By: Mark Glennon*
Illinois Sen. Christine Radogno (R-Lemont) took the lead with Senate President John Cullerton (D-Chicago) to negotiate the “grand bargain” budget proposal for Illinois now being widely discussed. Let’s review her record. I’ve spoken before several times to Radogno about the primary budget issue for Illinois — pensions. It was clear to me that she simply doesn’t know what she’s doing. It was strike 3. Let’s look at just two strikes against her already on the record.
Strike 1 was the blatantly foolish or dishonest claim she made about SB-1, the last major attempt at state pension reform. The courts struck it down. Radogno was emphatic that, if upheld, it would have fixed our pension problem entirely and taken them to being 100% properly funded. SB-1 would “stabilize the state’s finances,” she said. “This solves the problem. It really does.”
That was blithering nonsense. Even if SB-1 had been upheld, state pensions would be in far worse shape today than when the bill was drafted. Details on those numbers are linked here. And that’s not using hindsight: It was readily apparent at the time that SB-1 could not have fixed much, as we wrote here a few months after the bill was passed.

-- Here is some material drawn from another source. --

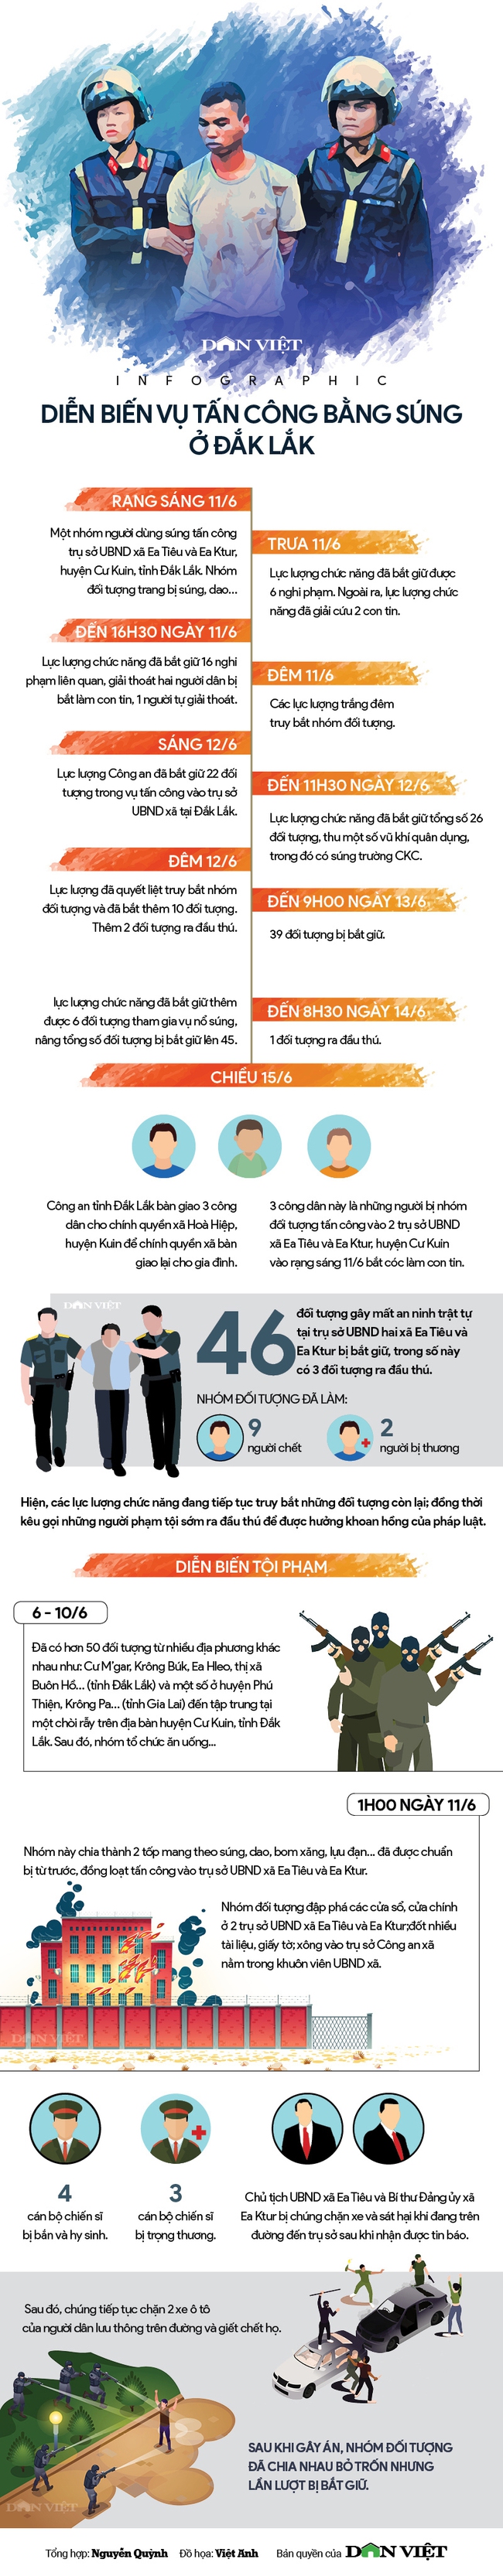 Infographic: Diễn biến vụ tấn công bằng súng vào trụ sở UBND xã tại Đắk Lắk - Ảnh 1.

Also respecting SB-1, she vehemently attributed Republican opposition to the infamous “guaranty” provisions in the bill to political grandstanding in the then upcoming governor’s election. That in itself was cause to wonder which side she’s on. In fact, objections to the guaranty arose as soon as drafts of them first appeared — we, too, screamed about it here — before the race for governor took shape and candidates announced.
Strike 2 for Radogno was her utterly false claim made consistently about the Tier 2 pension reforms. Those reforms, made in 2010, put new hires into a junior class with lower benefits and higher contributions. Radogno likes to say that Tier 2 alone pretty much solves the pension crisis. She wrote just that in 2014, saying the pension system as a whole is projected to return to 90% funding “generally due to recent reforms that established benefit changes for newly hired employees.”
That’s just plain nutty. The unfunded pension liabilities are owed entirely to Tier 1 members for work already performed. Though Tier 2 members are forced to help subsidize that liability, that subsidy is already reflected in the estimates you always read about for the unfunded liabilty, which is officially $130 billion today. Details on this particular bit of nonsense from Radogno are linked here.
Yet Radogno decided she has the credibility and competence to negotiate an extraordinarily complicated grand bargain with one the most cunning politicians around, John Cullerton. Sure, Cullerton is deceitful, malevolent and interested only in protecting public unions and their pensions, but make no mistake: He’s smart. I’ve talked to him, too, several times in the past about our problems and pensions. He knows the numbers and he knows how to protect union pensioners, especially those in Chicago.
The result was predictable. Cullerton ate Radogno for lunch.
Under their proposal, all Illinoisans would take on going-forward costs of the Chicago teachers’ pension. The personal income tax rate would increase from 3.75% to 4.95%. About $700 million would be collected through a new sugar tax. The corporate income tax would increase from 5.25% to 7%. The “consideration” approach to pension reform would be tried, which is a blatant gimmick — fake policy. If it survived a court challenge (and Cullerton probably figures it would be invalidated), it supposedly would save about $1 billion per year, but that’s not much compared to the problem and nobody has ever documented the $1 billion.
The proposal does have potentially good elements. Property taxes would be frozen for two years, though we need to see what holes are in it. Workers’ comp would be reformed, but details are very sketchy. Government consolidation would be made easier, but to what extent is unknown. The pension for legislators would end, though it’s tiny. But the positive elements of the deal, even if drafted well, wouldn’t convince people and employers that the tax increases aren’t another reason to flee.
It contains many other exceptionally complex provisions, yet Radogno and Cullerton intend to cram this through the Senate early next week. You can be certain nobody in the Senate will have time to understand what’s in it by then. Except Cullerton.
Adding insult to injury, Cullerton was on WTTW tonight assuring everybody this would balance the budget. No, the real deficit is several times the deficit commonly reported and used by Cullerton.
The package faces an uncertain future in the Illinois House and Governor Rauner has not clearly taken a position.
Greg Baise from the Illinois Manufacturers’ Association said it perfectly: “This is a typical Illinois solution… All they’re doing is trying to find money and not do anything on the business side to help us compete with our Midwestern neighbors.”
It’s time for Christine Radogno to go away. Or change parties.
*Mark Glennon is founder of Wirepoints. Opinions expressed are his own.